I am not one that highlights my achievements too much, and I am sure it has cost me some views over the years.
Anyhow, to start the story of this adventure off, one has to go back to early December, when I received an email with the subject of “Image of Brandywine”, and the following thumbnail image.
In the email, Margaretta said she was one of the curators at the Delaware Art Museum, and she was working with a exhibition designer, Keith, who had found my image online, and they were wondering if I would be interested in allowing the museum to use my image in a exhibition called “Eye on Nature“, comparing Andrew Wyeth and John Ruskin from March 10-27, 2018.
Also included with the email was a PDF file of proposed design layouts, and my image was already included, at a 11 feet by 17 feet!
After finishing the email, I had to walk around to catch my breath, and after a few minutes, I showed the email to my wife, and pointed to the address at the bottom.

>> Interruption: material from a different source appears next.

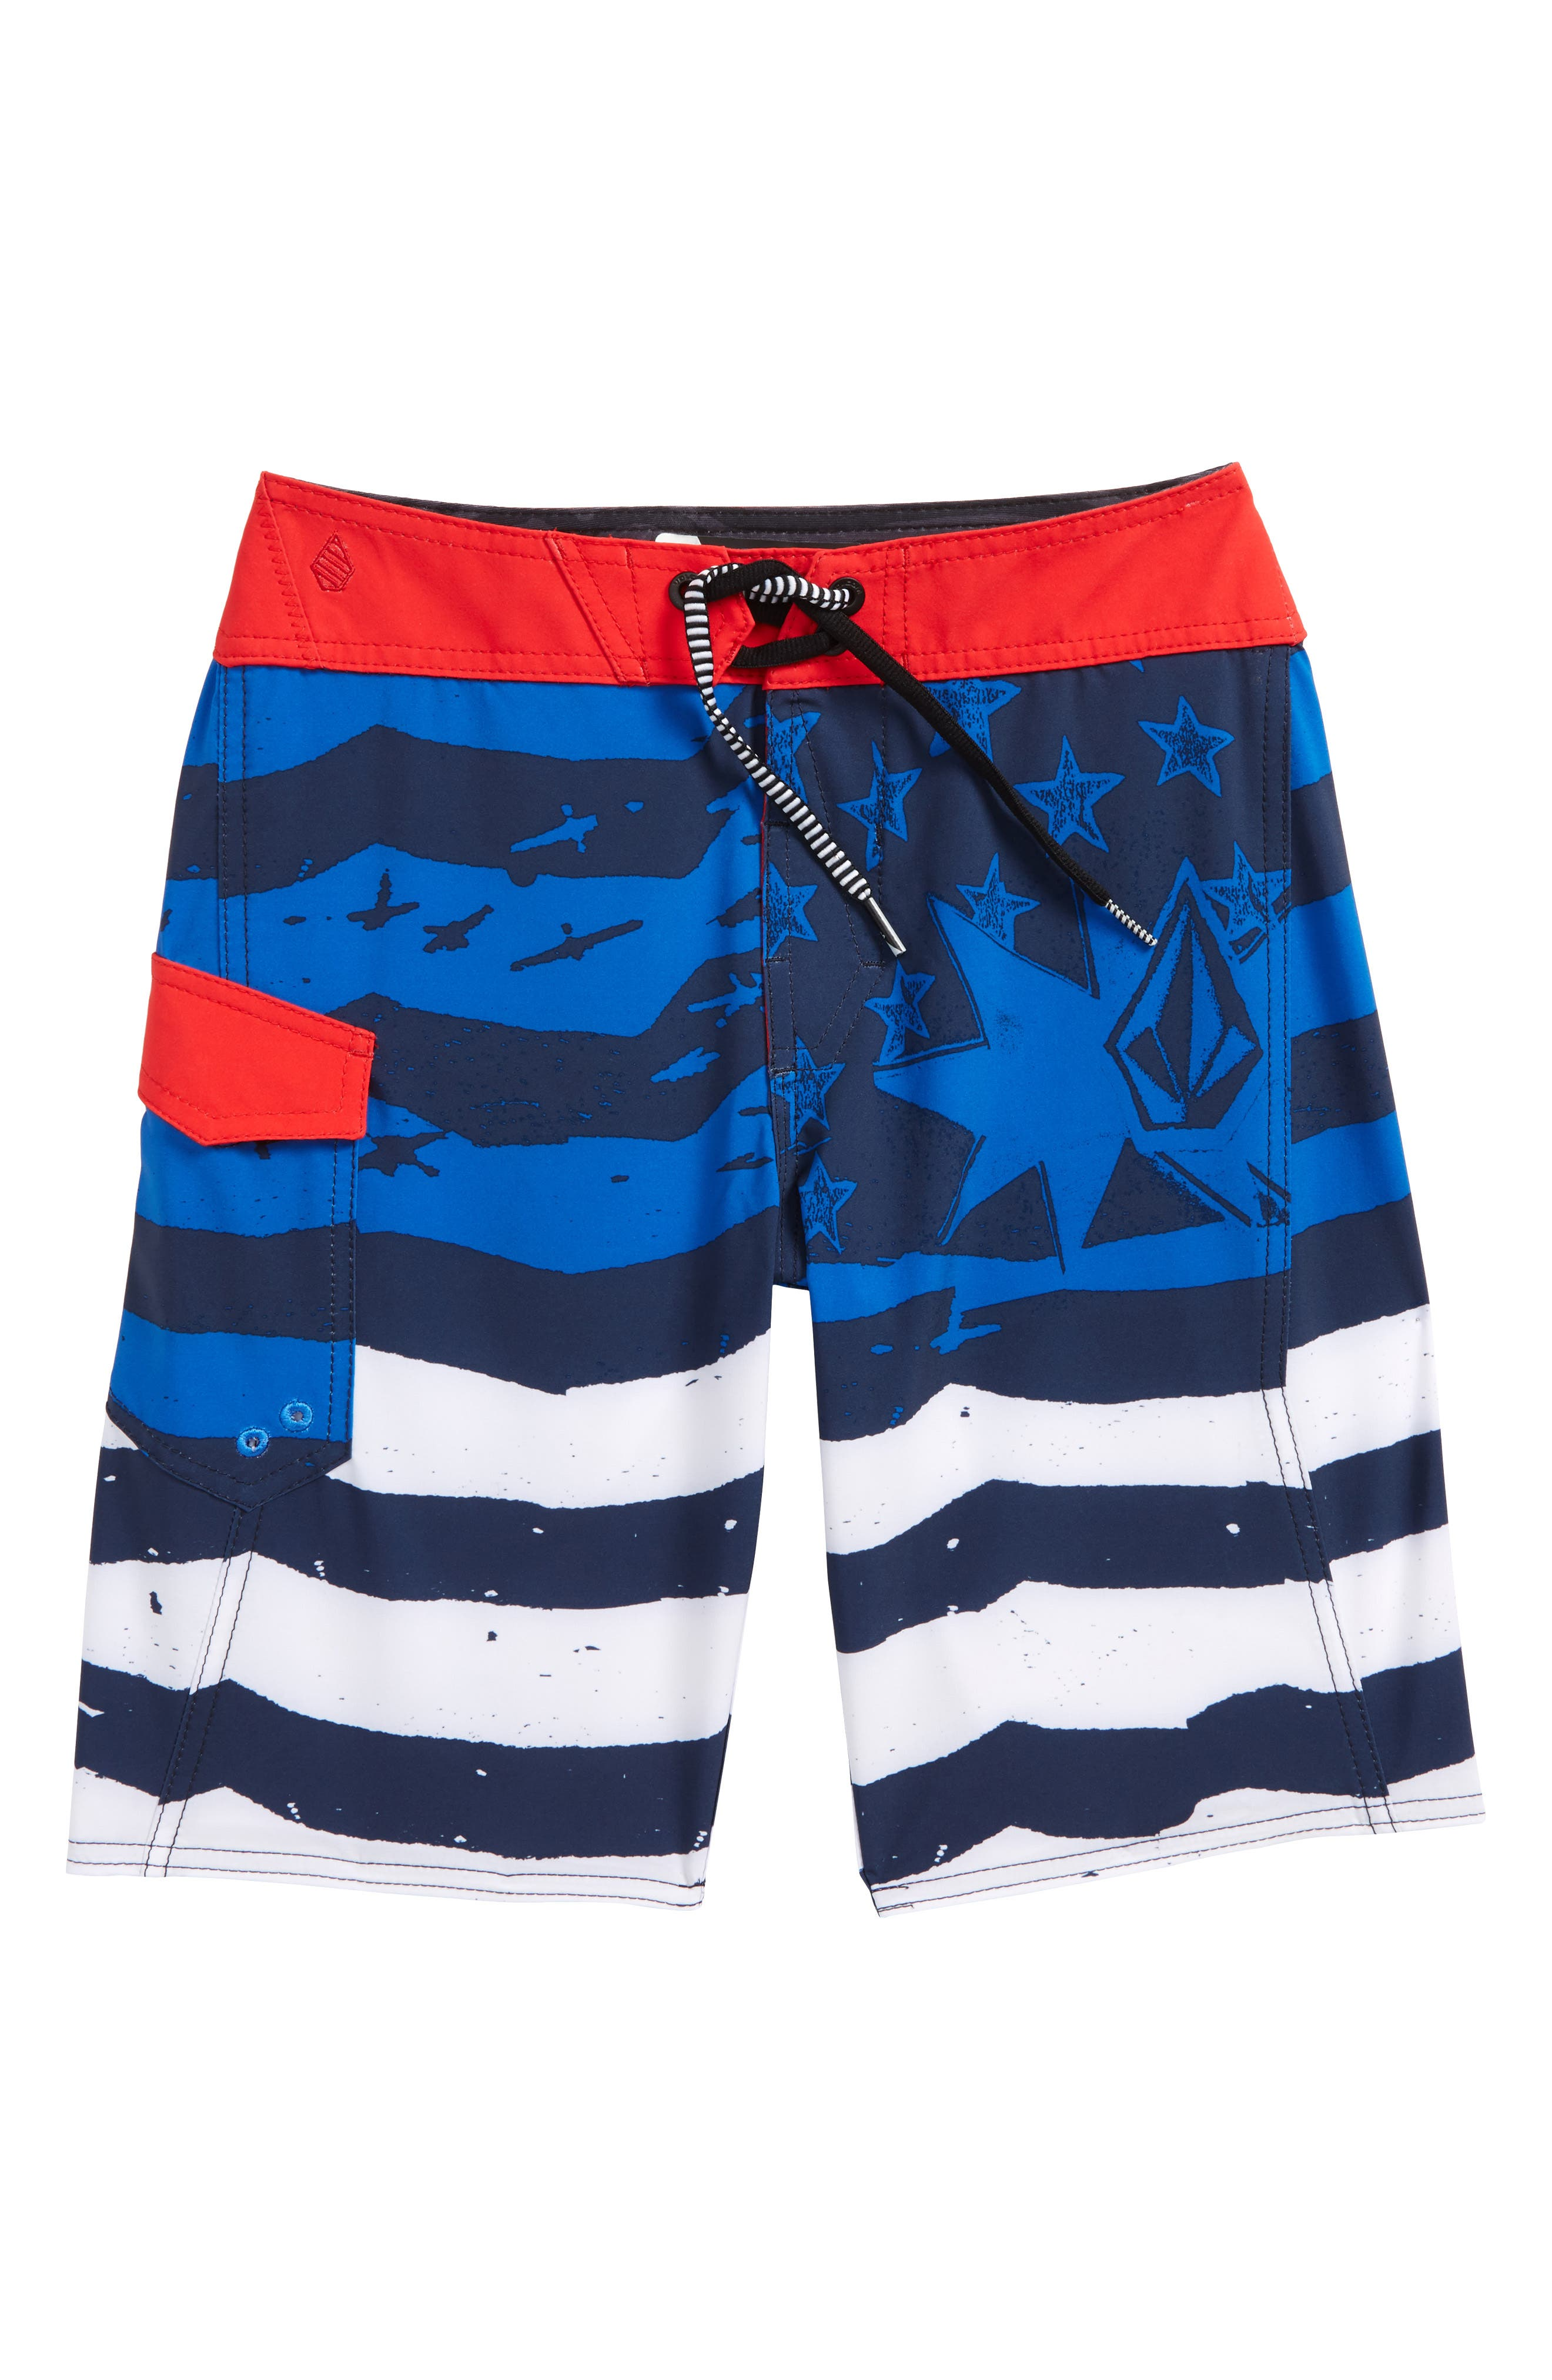 Alternate Image 1 Selected - Volcom Youth of July Mod Board Shorts (Big Boys)
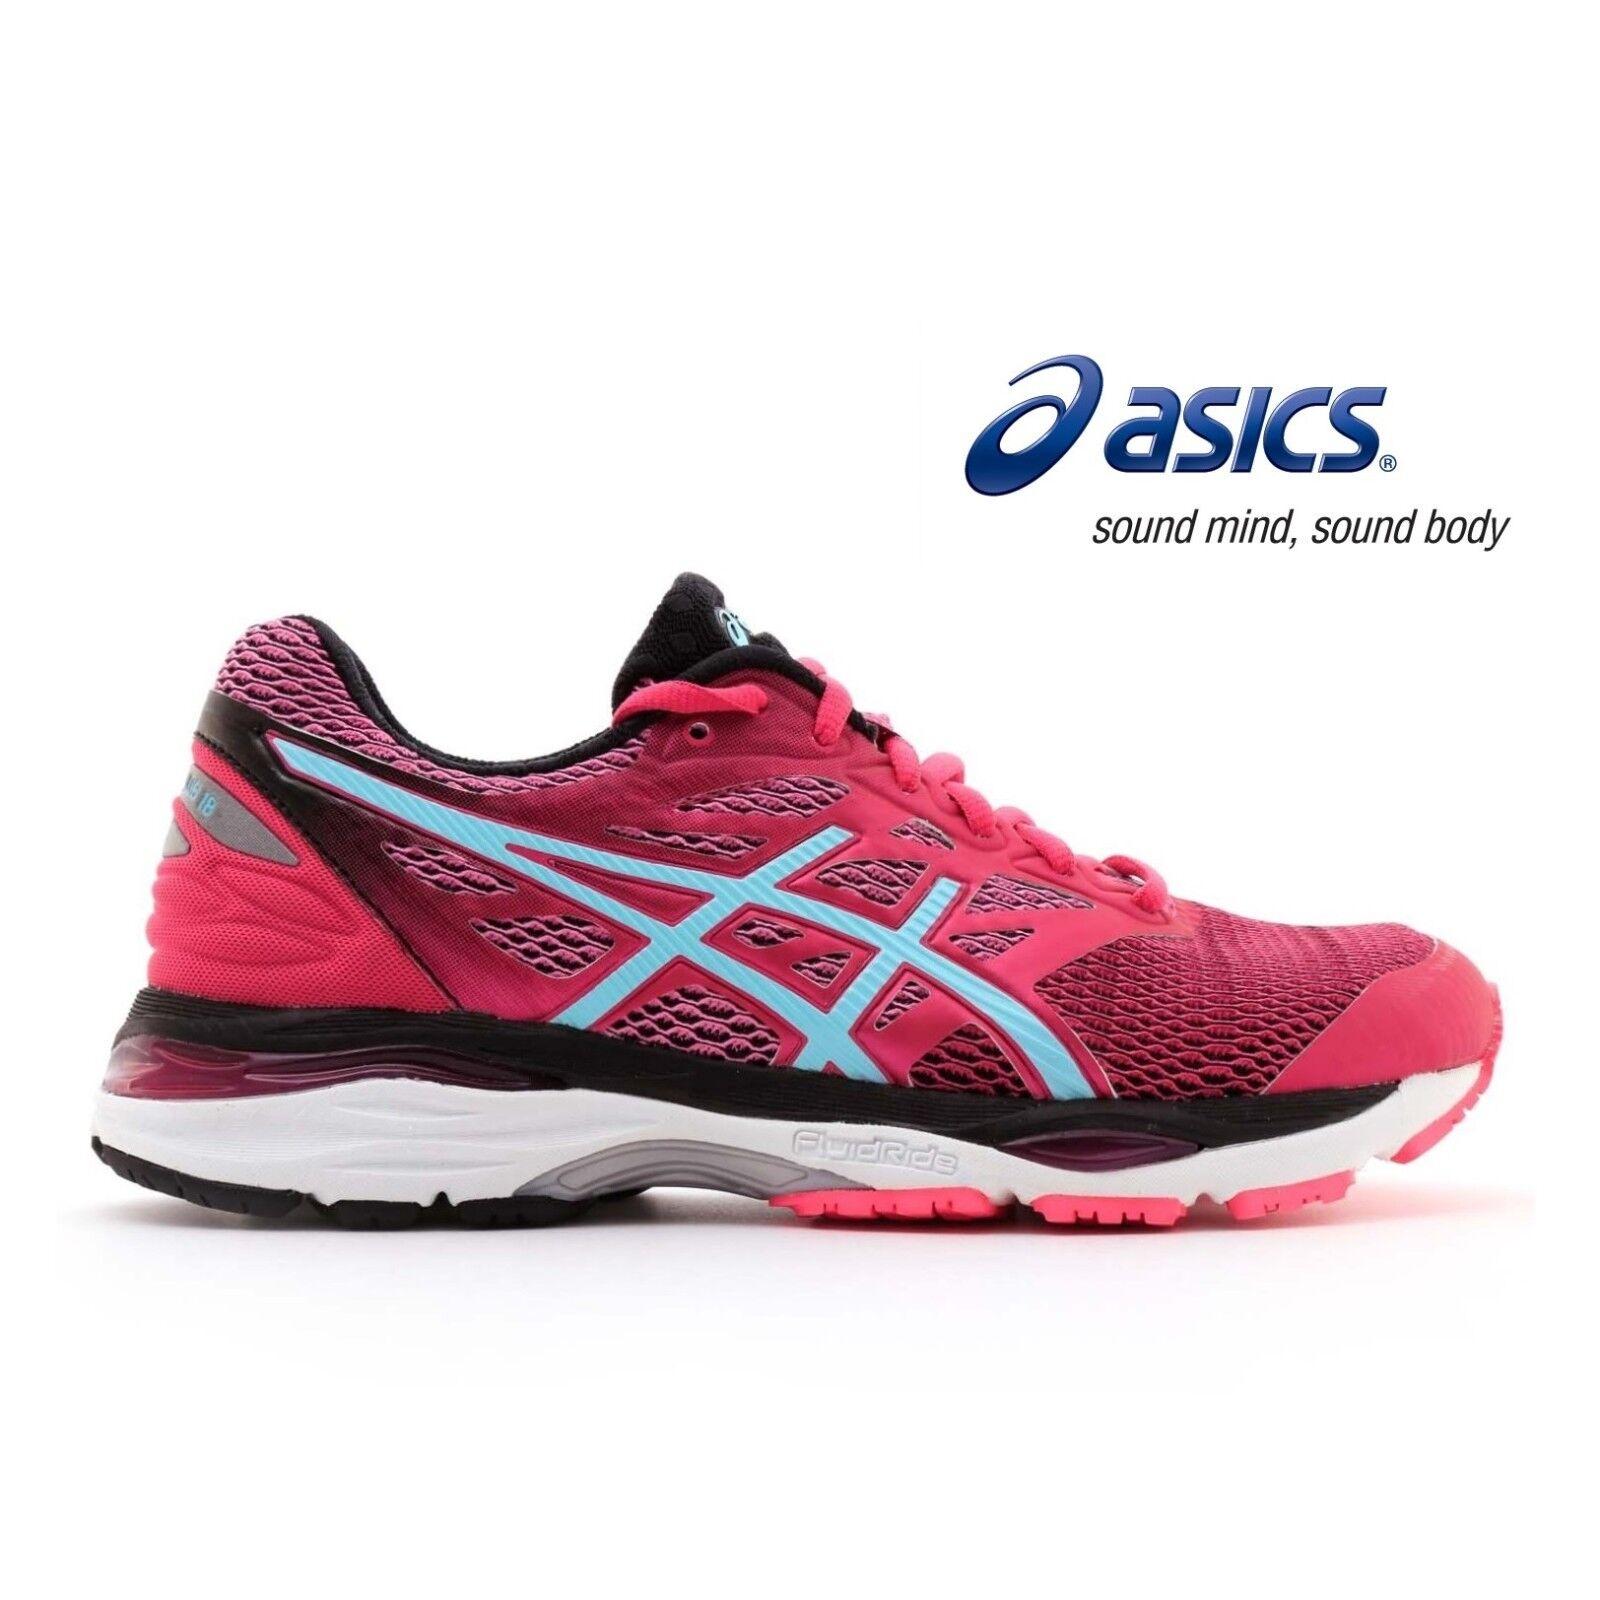 ASICS ginnastica Gel Cumulus 18 scarpe ginnastica ASICS donna trail running fucsia T6C8N 1978 932681

Could this really be true?
The next day, I called the phone number provided, and the voicemail confirmed the name in the email, but I could only leave a message.
I did follow-up with an email, and the next day Margaretta followed up with a date and time to chat more about the exhibition.
As the day and time we agreed on, drew nearer, I was becoming more nervous, and when I finally made the call, I made sure that I had a large glass of water with me, so that I would not be too parched during the conversation.
Margaretta and I chatted for some time about the details of the exhibition, the exhibition designer and what I was looking for in compensation.
I remember blurting out a number, and I got the sense that I had blown the opportunity, but she responded back “Normally, I do not deal with living artists, but I’ll look into it.”
Internally, I giggled – “Normally, I do not deal with living artists…”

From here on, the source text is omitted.